Opinión

Invasorix

 
1
 

 

INVASORIX.

Aprovechando que el lunes pasado llevaron a cabo una de sus lecturas colectivas de tarot, escribo esta semana acerca del grupo de trabajo feminista Invasorix.

El lugar donde se llevó a cabo el evento, Aeromoto, es una biblioteca pública conformada, en un principio, por los mil 500 volúmenes pertenecientes a las bibliotecas privadas de los cuatro miembros fundadores del lugar. Se encuentra en la Colonia Juárez, en el número 23 de la calle de Venecia.

He escuchado de Invasorix de diferentes maneras y por varios lados.

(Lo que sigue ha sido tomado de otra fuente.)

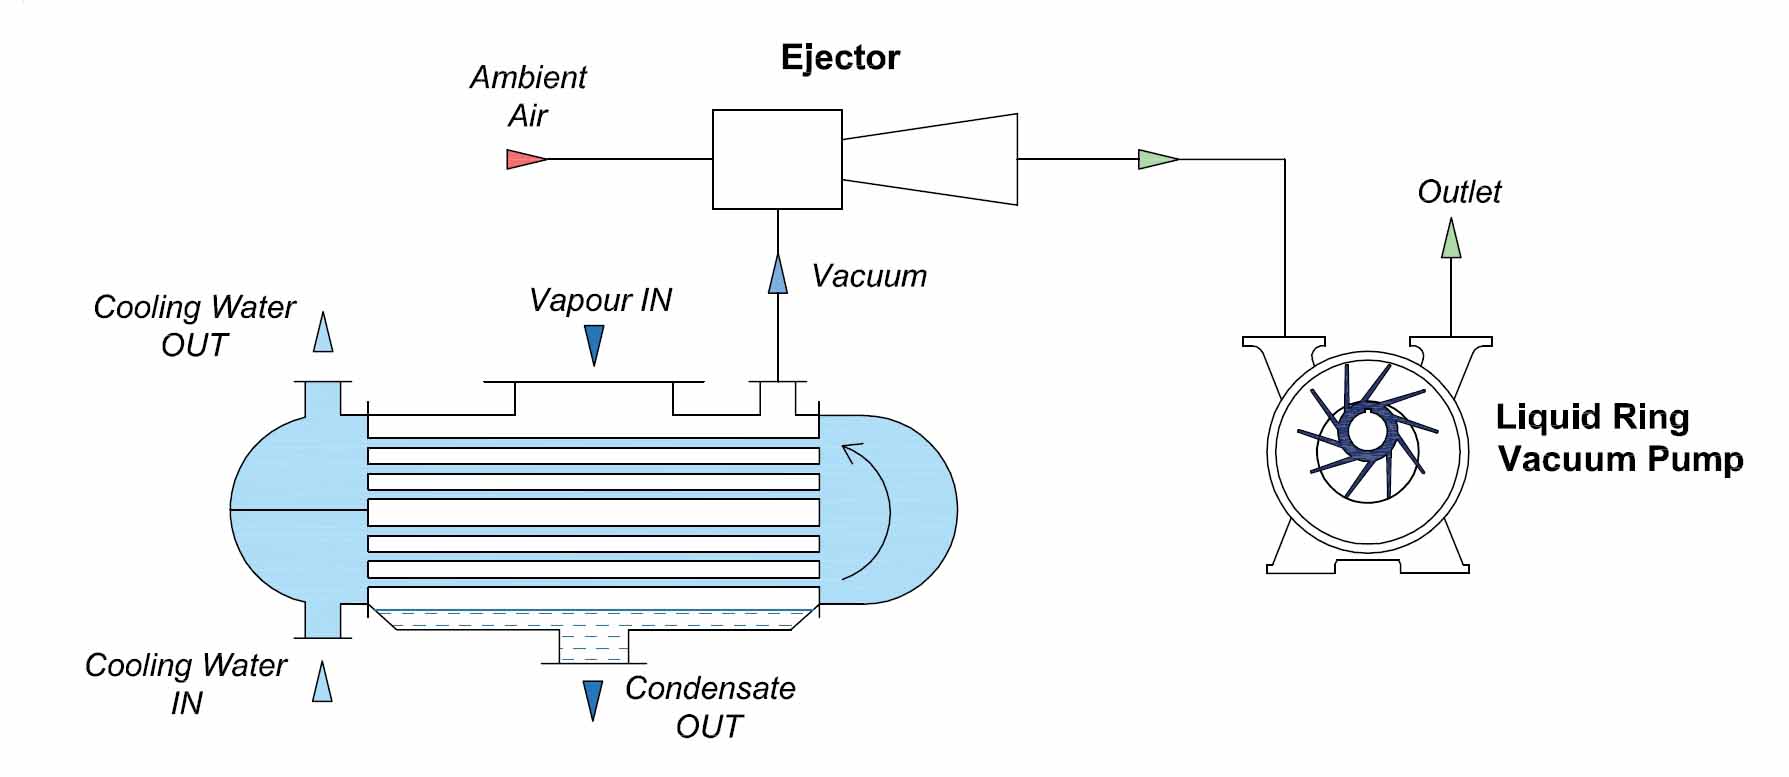 Atmospheric Air Ejector / Liquid Ring Pump Ejector for Condensor Vacuum

Se trata de diez mujeres artistas que viven y trabajan en la Ciudad de México, un grupo heterogéneo en cuanto a edades y nacionalidades, maneras de resolver su día a día, incluso, formas diferentes de entender y abordar el feminismo (siendo consecuente tendría que decir los feminismos).

En internet circulan tres canciones, una de música folk, un rap y una cumbia, con sus respectivos videoclips; estos son sus trabajos más visibles. Sin embargo, en su Tumblr se puede leer que la mayoría de sus apariciones, o mejor dicho, sus intervenciones performáticas han sido a espacios educativos. Sus imágenes (videos, máscaras, tarot, etcétera) son entonces dispositivos para la discusión acerca de temas como, por ejemplo, los roles de género, los cometidos de los artistas o la precariedad (laboral, pero también afectiva).

1
 

 

INVASORIX.

A diferencia de las bien conocidas Guerilla Girls, que usan máscaras de gorilas y los nombres de artistas mujeres del pasado, y que con ello buscan señalar la falta de presencia femenina en el mundo del arte, Invasorix porta en sus videos y presentaciones máscaras que muestran los rostros de otras mujeres, éstas son sus amigas imaginarias: pensadoras, escritoras, cantantes, poetisas, filósofas, curanderas, personajes salidos de novelas con quienes dialogan a través de sus escritos y a quienes de esta manera mantienen vivas; el enfoque y las intenciones son otras.

Hay ahora mismo otros colectivos de mujeres trabajando dentro y fuera del mundo del arte; con mucho sentido del humor, usando la estética DIY (Do It Yourself) y desde la música, estos grupos entienden sus prácticas artísticas como formas de protesta.

Chicks on Speed es una banda de electropop creada por Melissa Logan, Kiki Moorse y Alex Murray-Leslie, estudiantes de arte en la Academia de Bellas Artes de Múnich, Alemania. Tuvieron alguna vez un bar, organizaron exposiciones de arte y fiestas ilegales. Hoy en día hacen música, performance, arte, moda y se consideran a sí mismas trabajadoras multidisciplinarias en el campo de la cultura.

1
 

 

INVASORIX.

Gaggle es un coro de 20 mujeres londinenses que además de cantar da talleres de sombrerería y percusión corporal, acaba de formar un coro para chicos y produjo una ópera. “Siempre nos han preguntado qué haremos después”, dice la fundadora Deborah Coughlin. “Yo suelo responder: ‘Vaya, podríamos hacer cualquier cosa. Podríamos abrir una tienda, convertirnos en un partido político, podríamos hasta poner nuestro propio periódico’”.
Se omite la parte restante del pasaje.